Levin L S, Wright J M, Byrd D L, Greenway G, Dorst J P, Irani R N, Pyeritz R E, Young R J, Laspia C L
Am J Med Genet. 1985 Jun;21(2):257-69. doi: 10.1002/ajmg.1320210207.
Thirteen individuals with osteogenesis imperfecta (OI) from three families were evaluated. All examined persons with OI had multilocular radiolucent, radiopaque, or radiolucent-radiopaque lesions of the maxilla and mandible. In most patients, the lesions involved the tooth bearing areas, but in two, the rami also were involved. Teeth were normal.
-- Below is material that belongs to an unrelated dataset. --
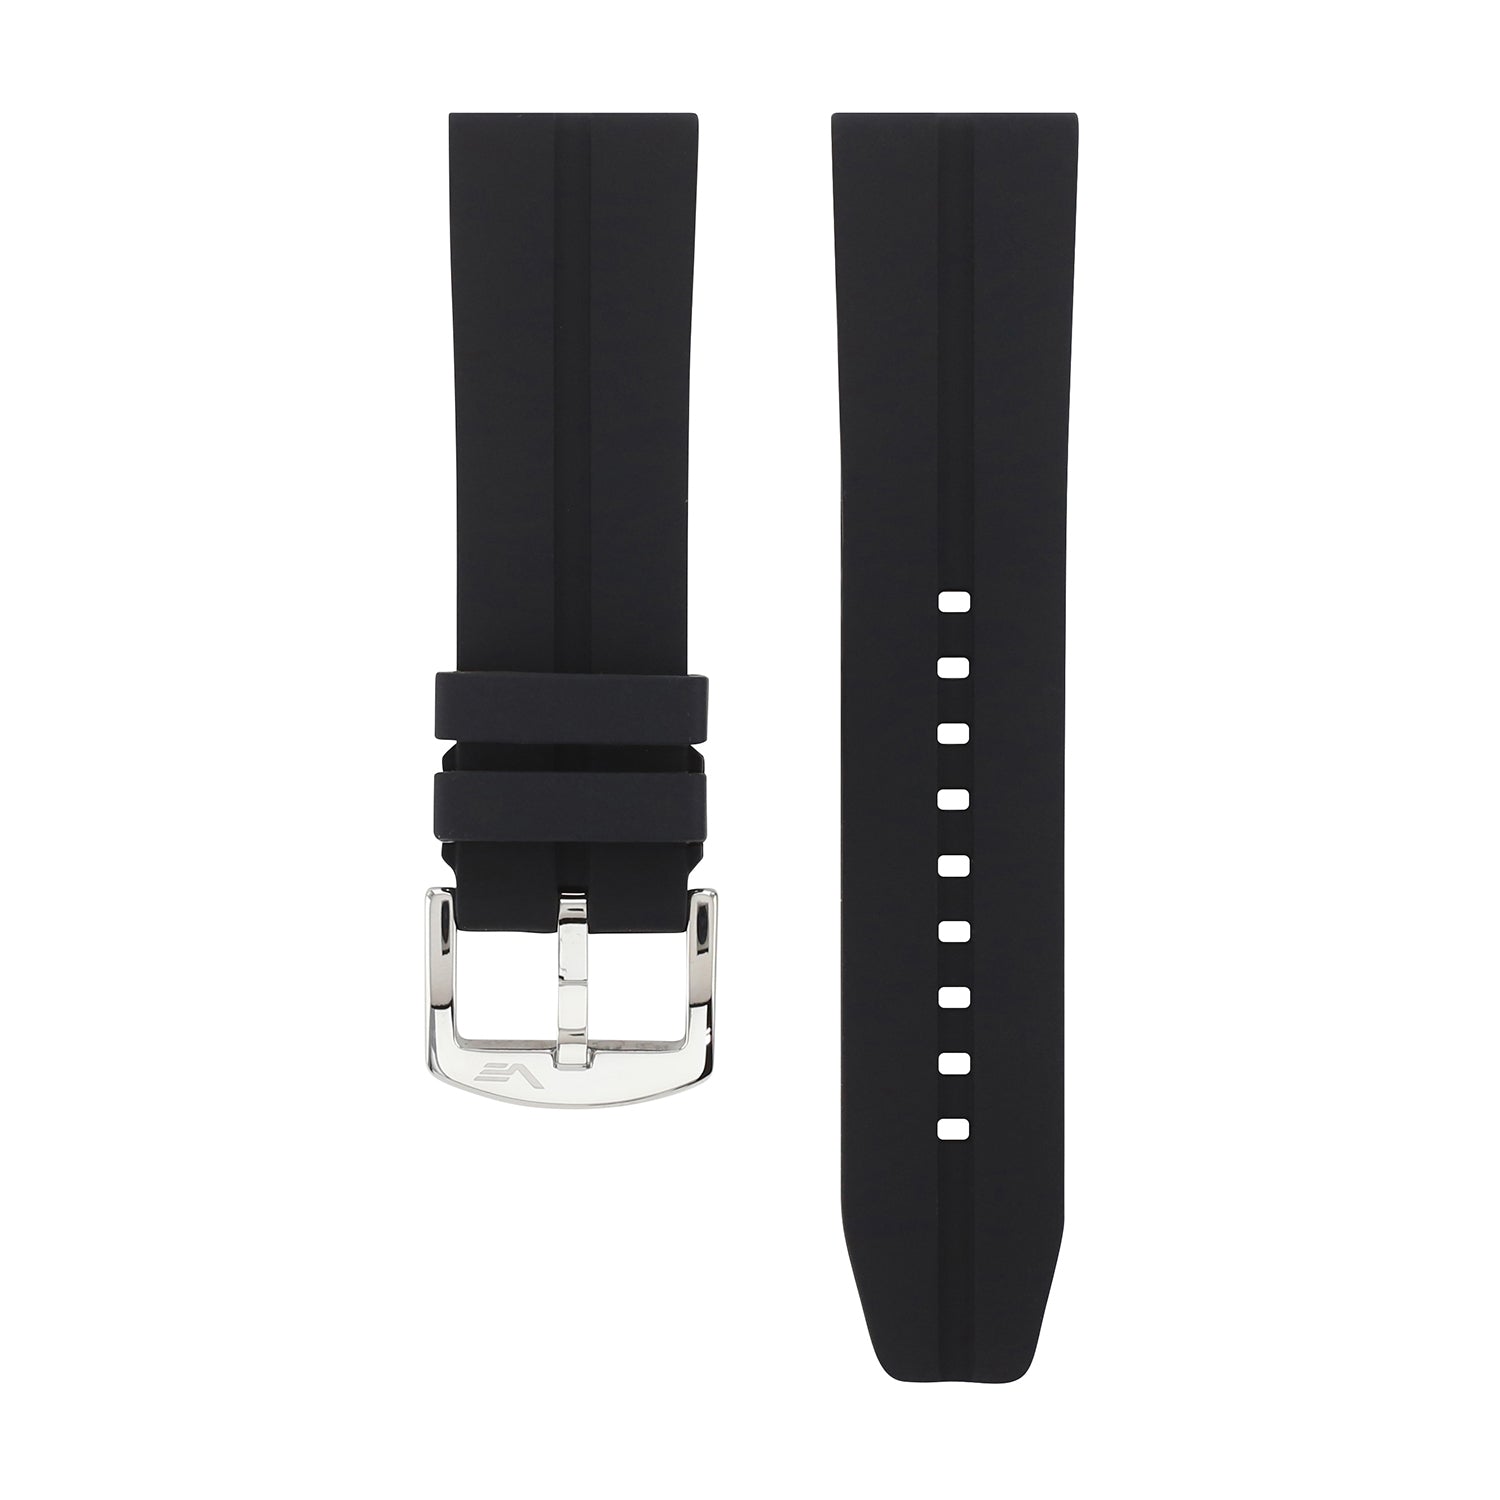 EXPEDITION BLACK SILICONE STRAP 24mm - POLISHED BUCKLE

Radiologic findings in the extragnathic skeleton included marked coarseness of trabeculae and diffuse osteopenia. It is proposed that these patients represent yet another dominantly inherited OI syndrome.
对来自三个家族的13名成骨不全(OI)患者进行了评估。所有接受检查的OI患者上颌骨和下颌骨均有多房性透射性、阻射性或透射 - 阻射性病变。大多数患者的病变累及牙列区域,但有两名患者的下颌支也受累。牙齿正常。颌外骨骼的放射学表现包括骨小梁明显增粗和弥漫性骨质减少。有人提出,这些患者代表了另一种常染色体显性遗传的OI综合征。